Сила жизни высыхает во мне… Кровь из аорты мира может омыть каждого, может воскресить и очистить, но русло её блуждает, она неуловима, она окатывает наудачу – поиск её делает человека старым.
– В твоём возрасте замкнуться, стать волком…
Снова появляется дежурная медсестра. Осветлённые кудряшки падают ей на глаза – болонка. В её руках – эмалированный подносик со спиртом, шприцем и носатой ампулой, она держит его легко, как ловкий официант держит блюдо. Поднос звякает о стекло стола, щёлкает клюв ампулы. Запах… Проспиртованная вата лижет сгиб локтя, нащупывает вену стальное жало…

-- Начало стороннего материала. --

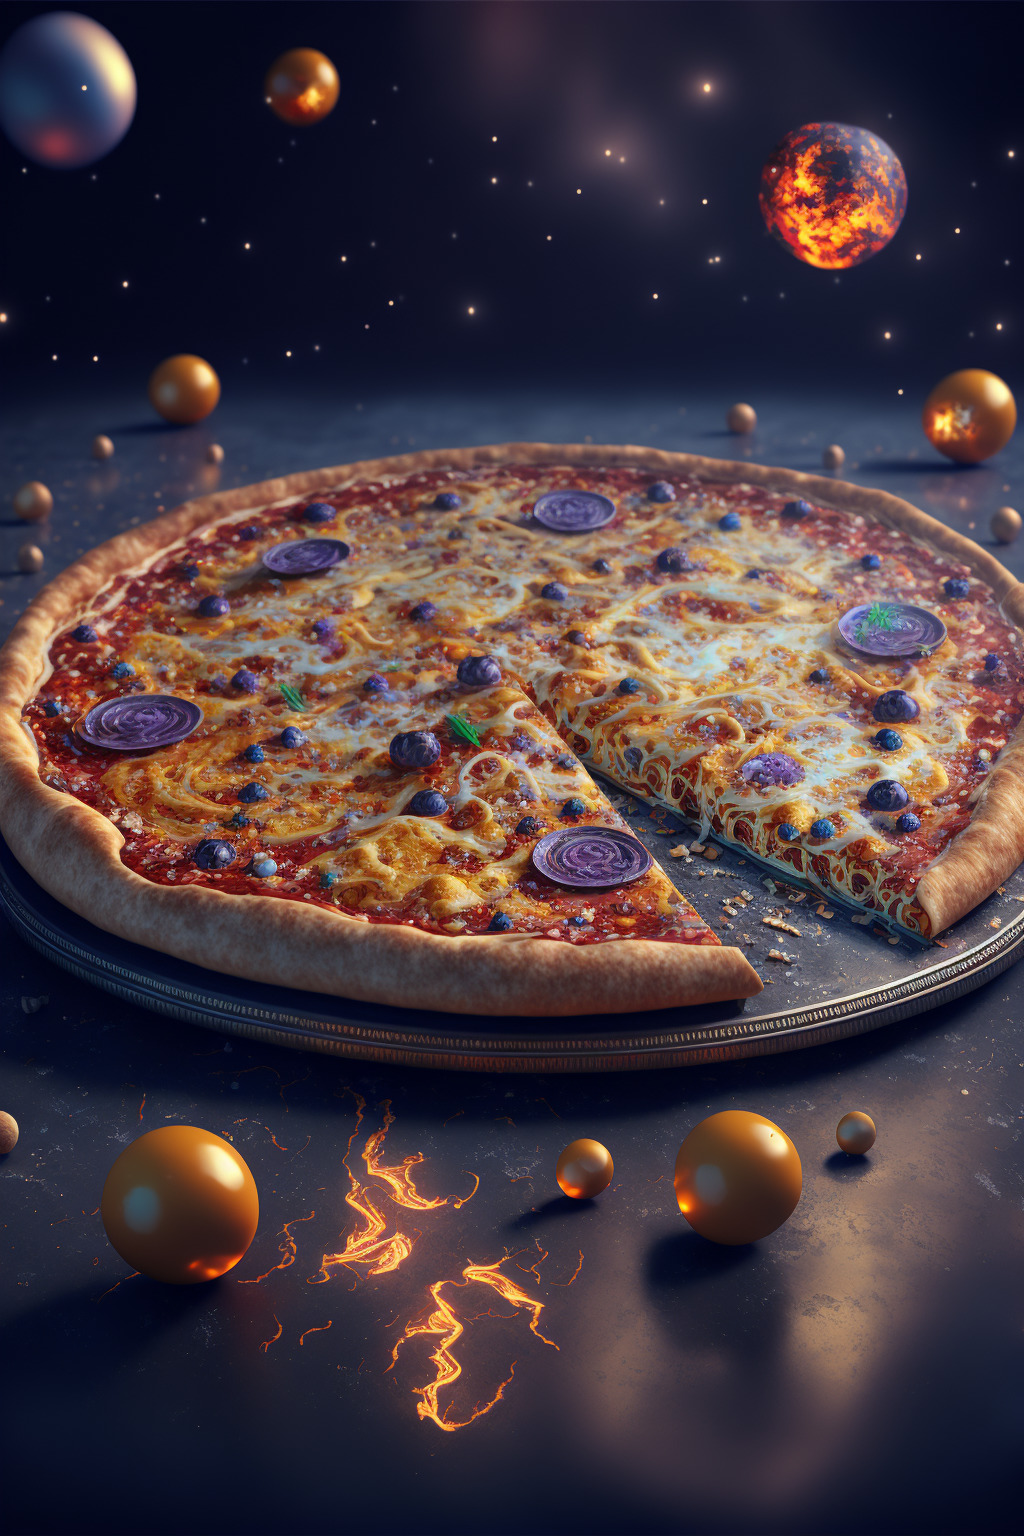 космическое питание сицилийская пицца фото 96
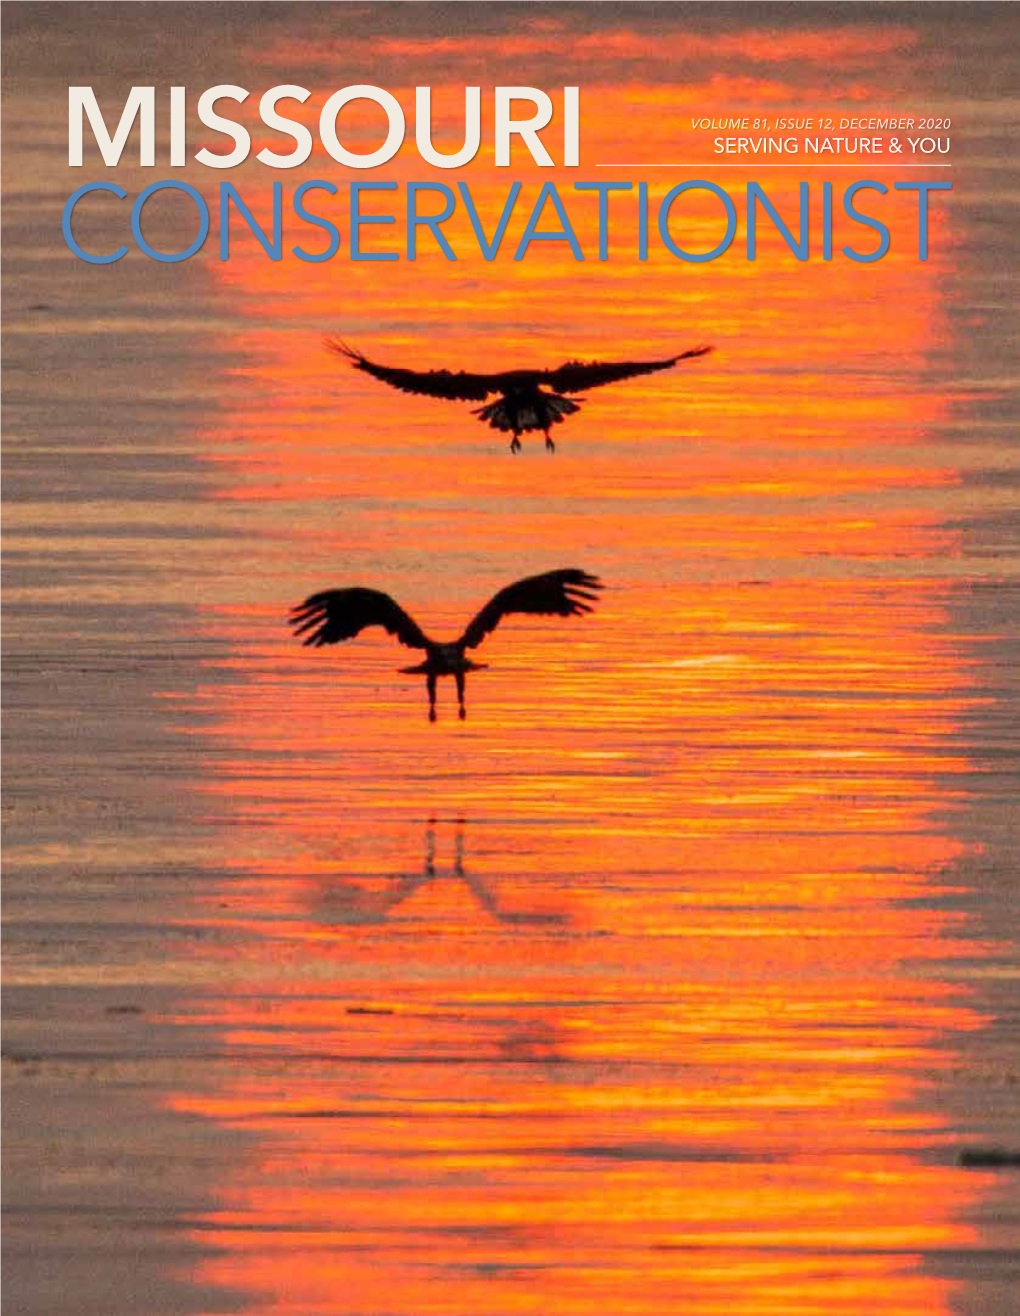 Missouri Conservationist December 2020

Тысяча мелких иголок язвят подушечки пальцев. Воздух звенит, распахивается замкнутый куб ординаторской, наполняется искристым туманом. Тихий голос: улыбаешься… Он звучит как музыка: улыбаешься-а-а-а в музыке нет смысла есть свет туман кутает тянет выше выходит ох мама смотри раскрываются откуда она лезет вода звенит в узкой трубе звенит высоко ну не надо шире они же все чужие какой пенный стог и как блестят спицы ох мама костры звучат зззззз и тянет ну же ззз и тянет за рукав ну же сильнее пусть звенит не надо высоко ну же…
Деда хоронили утром. Гроб стоял рядом с кучей мокрого песка вперемешку с комковатым подзолом. Два бледных червя прятались в рыхлую землю. Дальше, за кучей, были видны могилы родичей, умерших ещё до моего рождения, а совсем рядом, в одном шаге от ямы, стоял крест Михаила, и его живая дочь – тётка Аня – говорила в моё ухо тихо и бесстрастно:
– Они
Снова появляются стены с тусклыми акварелями. Зеленоватые робы стен… Эсфирь Львовна смотрит на меня, приоткрыв узкий рот. Тело до краёв налито равнодушием. Обрывки тумана тают между столов и стульев. Голос звучит как колокол – отовсюду. Эсфирь Львовна спрашивает: о друзьях, о досуге, о женщинах, о любимых книгах, о деде, об Анне и опять о деде… Я отвечаю – равнодушно, правду, – чтобы лгать или замолчать, нужно сделать невозможное – сосредоточиться, собрать силы души. Эсфирь Львовна пишет, она уже исписала три листа бумаги…
Воля возвращается медленно. Она сгущается, как облако, заслоняет меня от рыбьих глаз.
– Ты часто думаешь о своих родных?
– Не знаю…
– Тебе кажется, что дед не умирал?
– Нет…
– Ты чувствуешь страх при этих мыслях? Ты боишься?
– Я… – Теперь я закрыт наглухо. – Я боюсь наложить в штаны прямо у вас в кабинете.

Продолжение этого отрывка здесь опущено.